Print every line below exactly. Skip the pictures.

**Information supplied:**
*** Begin section ***

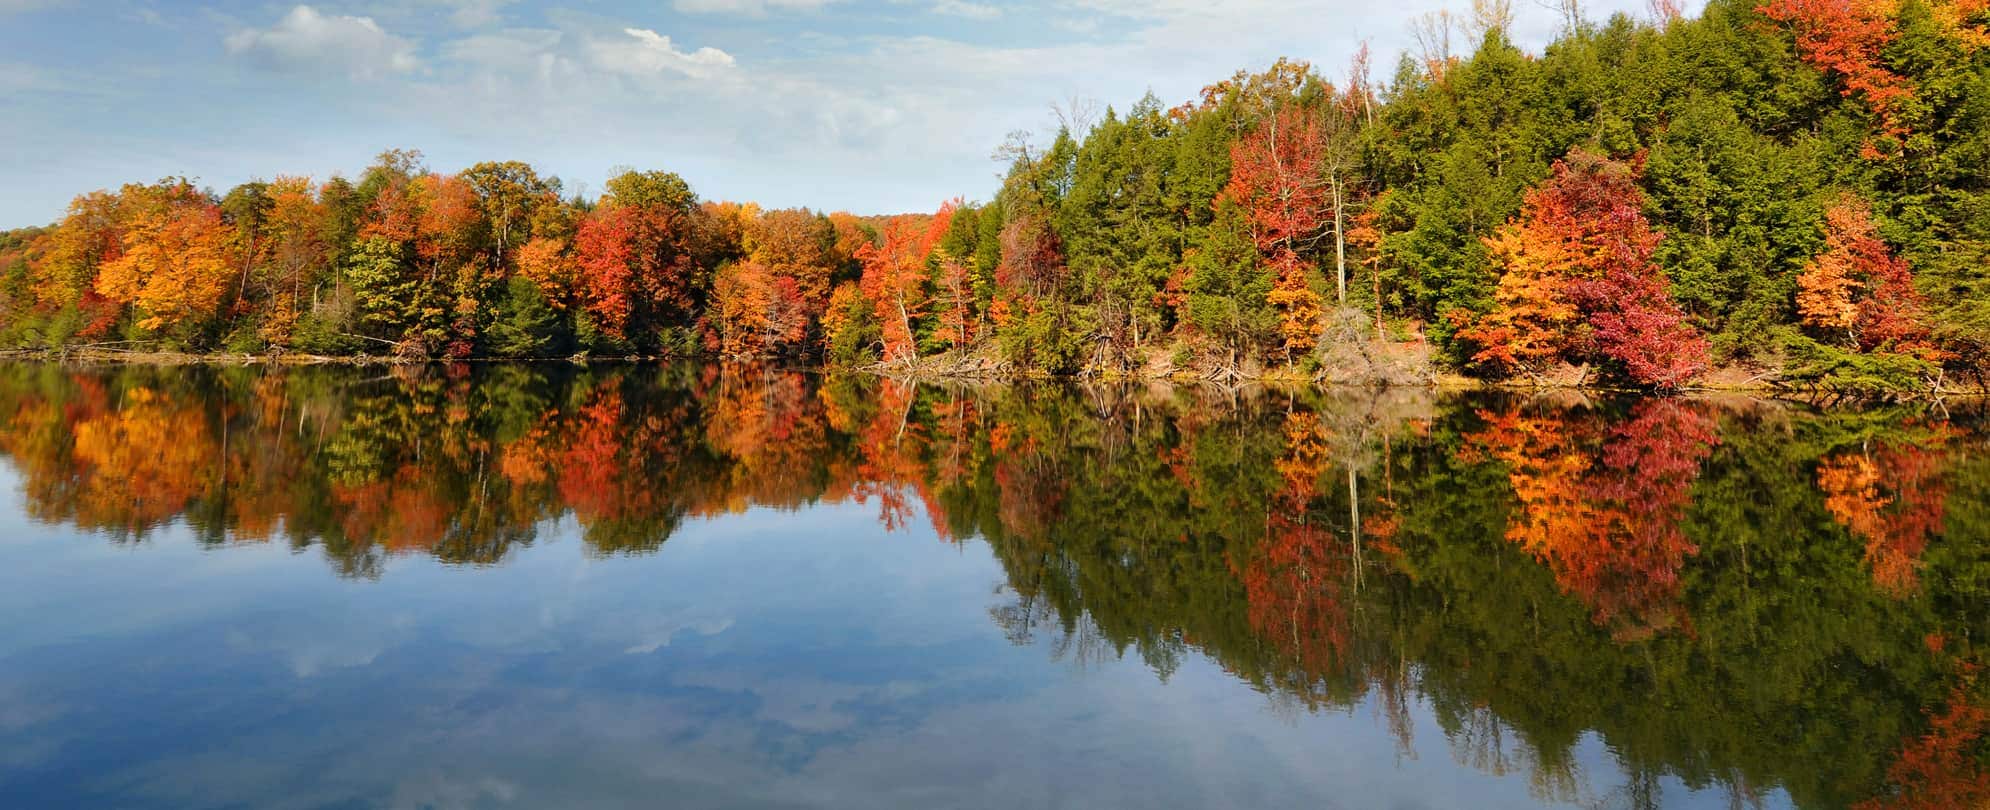 Lake view of scenic New England Fall foliage
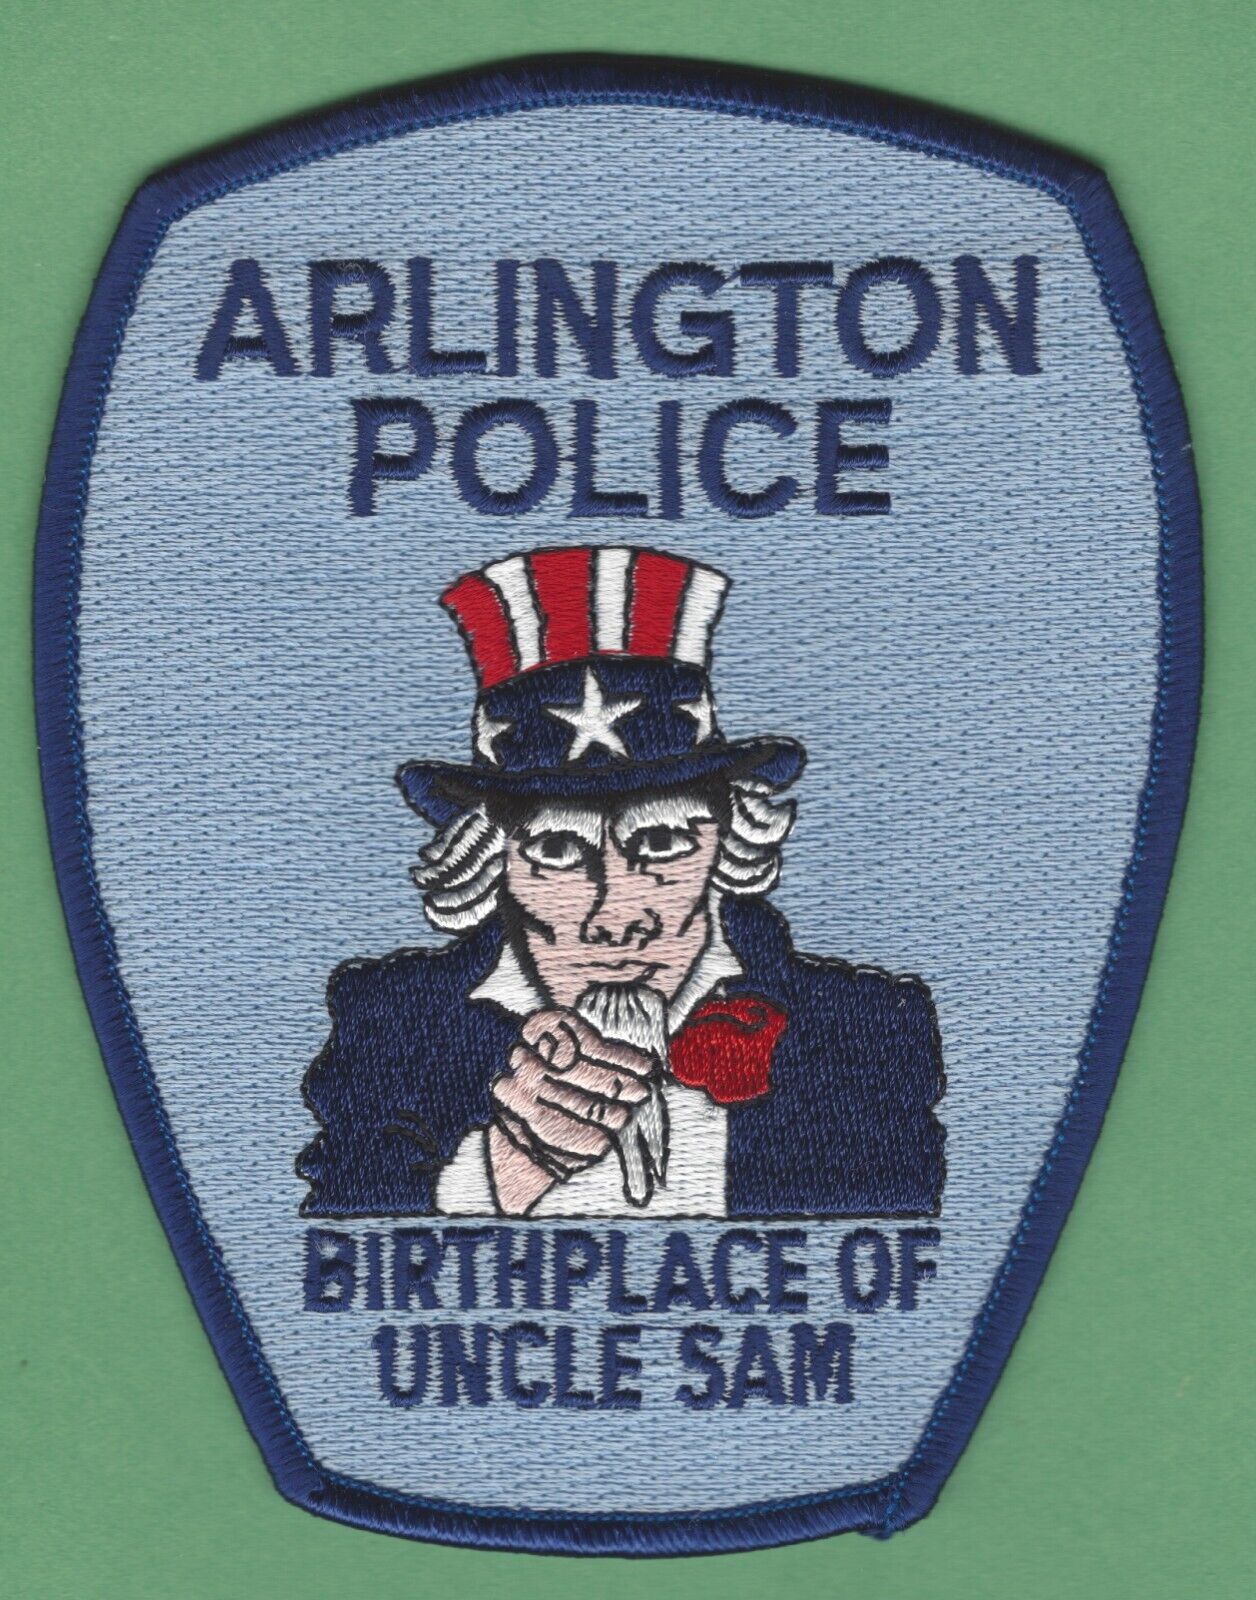 ARLINGTON MASSACHUSETTS POLICE PATCH UNCLE SAM
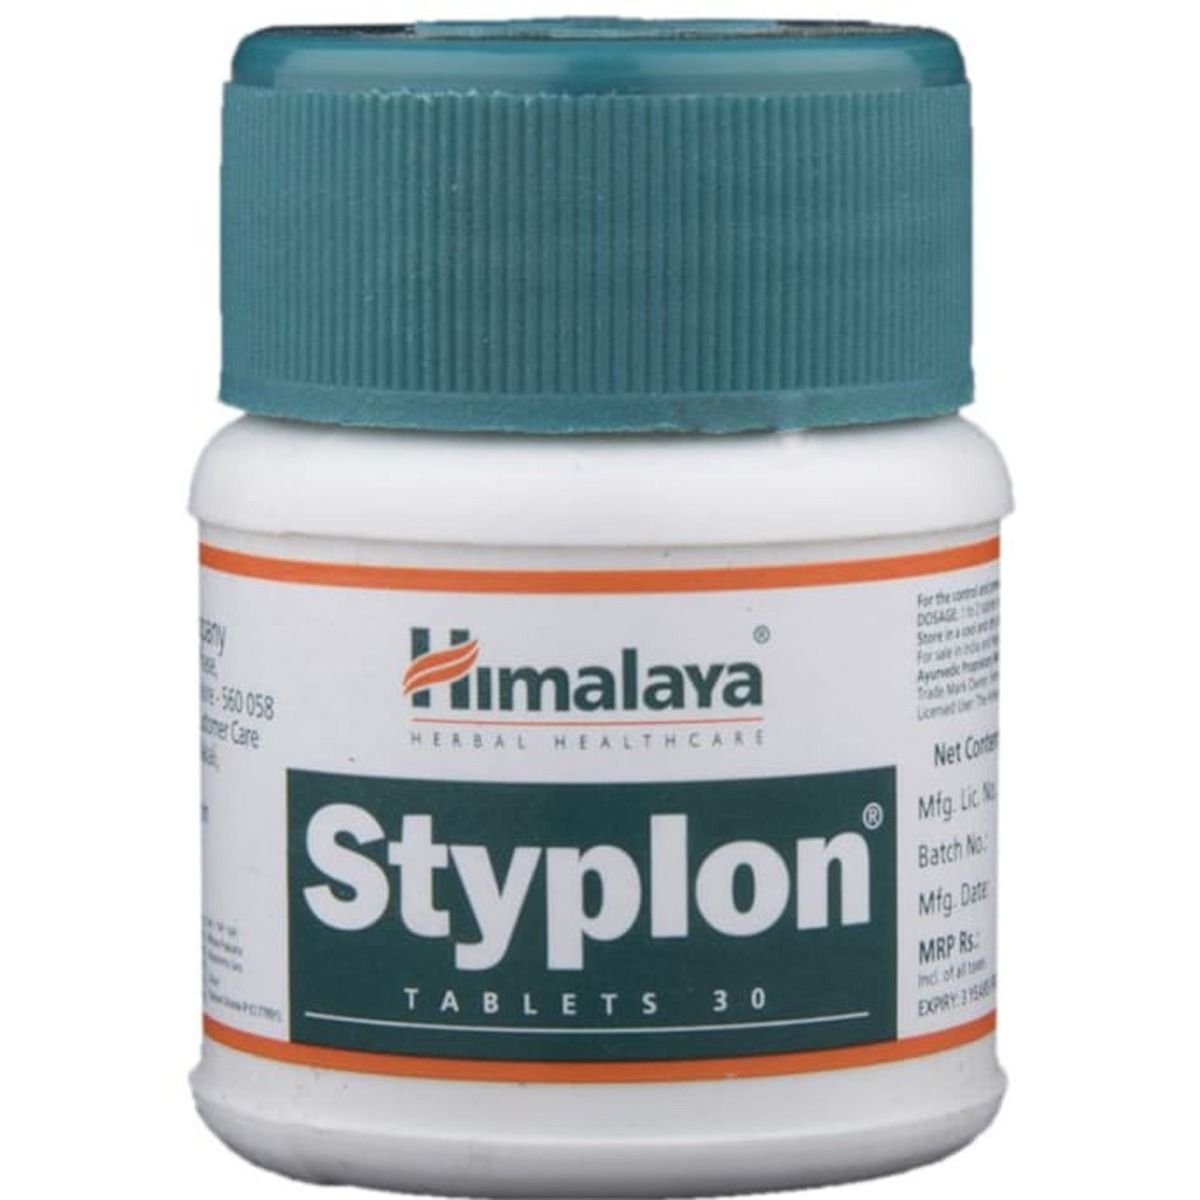 Himalaya Styplon, 30 Tablets, Pack of 1

*** End section ***

**Exercise solution:**
 Lake view of scenic New England Fall foliage
 ARLINGTON MASSACHUSETTS POLICE PATCH UNCLE SAM
 Himalaya Styplon, 30 Tablets, Pack of 1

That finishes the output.